The acronym of SAPHO syndrome (synovitis, acne, pustulosis, hyperostosis and osteitis) combines a cluster of cutaneous and musculoskeletal manifestations, such as hyperostosis of bones of the anterior chest wall associated with acne fulminans and hidradenitis suppurativa. There are no validated diagnostic criteria in children. Nonsteroidal anti-inflammatory drugs are not always sufficient, and the use of corticosteroids, disease-modifying agents, tumor necrosis factor-α inhibitors or bisphosphonates may be necessary.

We present the case of a child with polyarticular involvement, osteoarthritis of the sternoclavicular joint with severe inflammatory disorders and acne conglobata, with an excellent response to intravenous pamidronate.

Keywords:
SAPHO syndrome
Hyperostosis
Acne
Bisphosphonates
Resumen

El acrónimo síndrome SAPHO (sinovitis, acné, pustulosis, hiperostosis y osteítis) engloba tanto manifestaciones cutáneas como muculoesqueléticas, entre ellas hiperostosis de los huesos y de las articulaciones de la pared torácica anterior, asociado a manifestaciones cutáneas; acné fulminans e hidradenitis supurativa. Los criterios diagnósticos no han sido validados en niños. El tratamiento inicial con antiinflamatorios no esteroideos en ocasiones es insuficiente y puede ser preciso asociar corticoides, fármacos modificadores de la enfermedad, antagonistas del factor de necrosis tumoral o bifosfonatos.

Presentamos el caso clínico de un escolar con afectación poliarticular, osteoartritis de articulación esternoclavicular con importante componente inflamatorio y acné conglobata, con buena respuesta al tratamiento con pamidronato por vía intravenosa.

Palabras clave:
Síndrome SAPHO
Hiperostosis
Acné
Bifosfonatos
Full Text
Introduction

SAPHO syndrome was proposed for the first time in 1987 by Chamot et al.1 It encompasses a series of skin and osteoarticular manifestation that include synovitis, acne, pustulosis, hyperostosis and osteitis.2 These manifestations are the basis from which the acronym was coined and enable us to unify clinical disorders that had previously been described independently.
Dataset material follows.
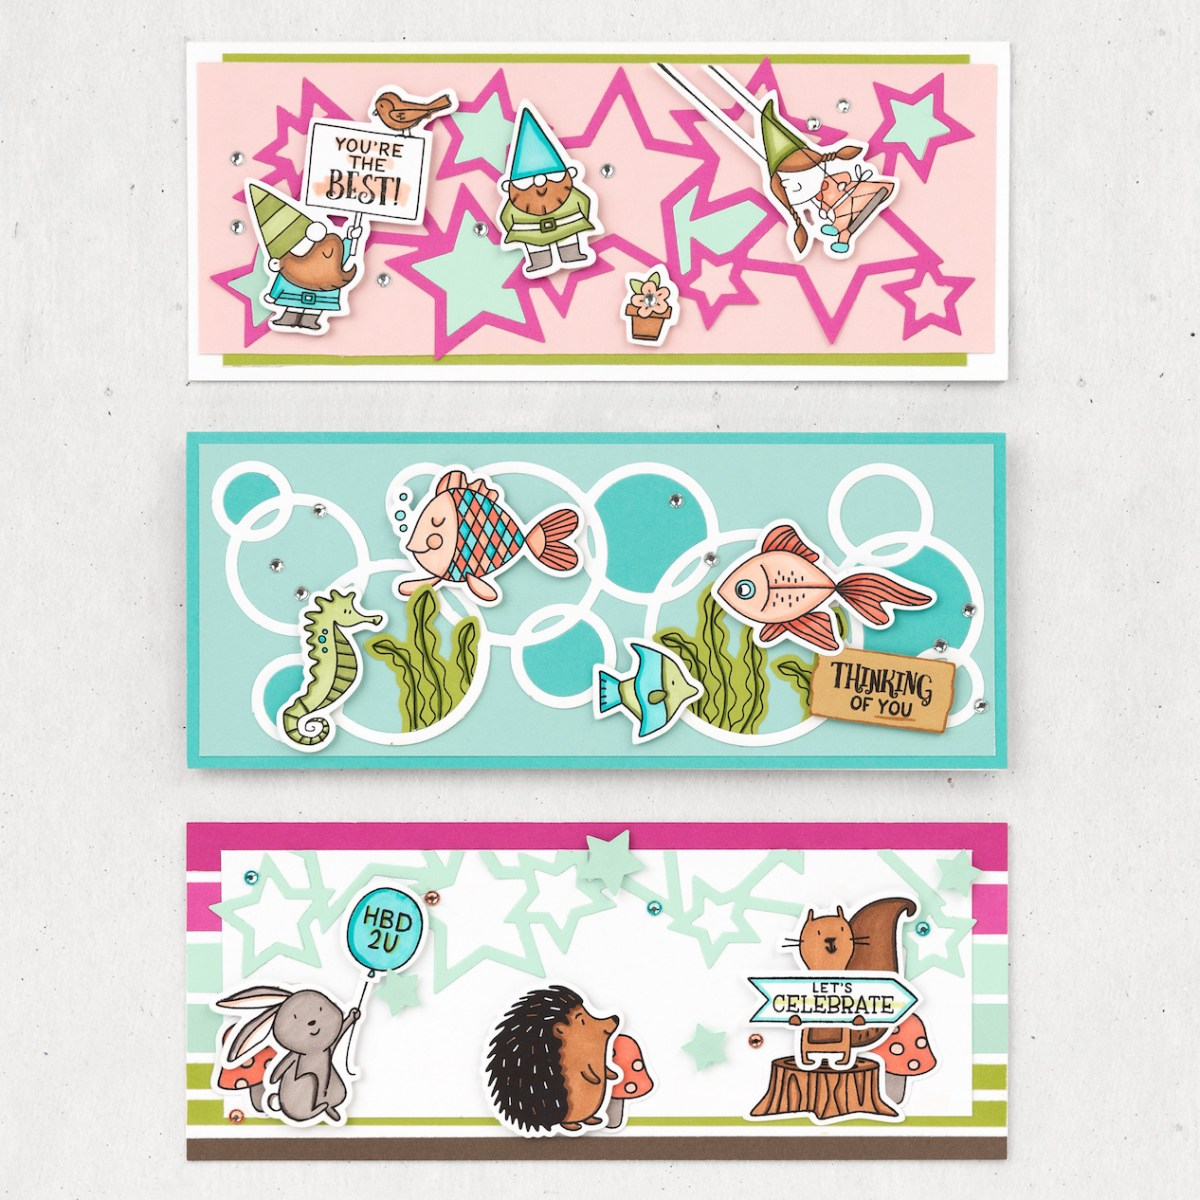 Slimline Cards #closetomyheart #ctmh #nationalstampingmonth #slimlinecelebration #slimlinecards #slimline #cardmaking #cardworkshop

The prevalence of this condition is not clearly established, although the majority of the series estimate it to be less than 1 per 10,000 population.2 It mostly affects children and young adults. The predominance in terms of sex is controversial at the present time, there being series with a female predominance3 and others in which there is no difference between the two sexes.4

The origin of this disorder is still unknown. A multifactorial cause has been proposed, in which Propionibacterium acnes, an anaerobic bacterium implicated in acne lesions, has been isolated in cultures from areas of osteitis. To a lesser extent, other bacteria of lower virulence have also been isolated, and could provoke a dysfunction or activation of either the innate immune system or that mediated by T cells in genetically predisposed individuals.2,5,6

Case Report

The patient was a 13-year-old boy, with constitutional symptoms that had begun 1 month earlier and a weight loss of up to 7kg. He had low-grade fever in the evenings, morning stiffness and osteoarticular pain affecting different sites that woke him up during the night and impeded him from engaging in daily activities. He had marked inflammation in right sternoclavicular joint and involvement of both sacroiliac joints. It was associated with acne conglobata on his face, back and axillae, which developed 2 months prior to the musculoskeletal symptoms. He had no significant personal or family history.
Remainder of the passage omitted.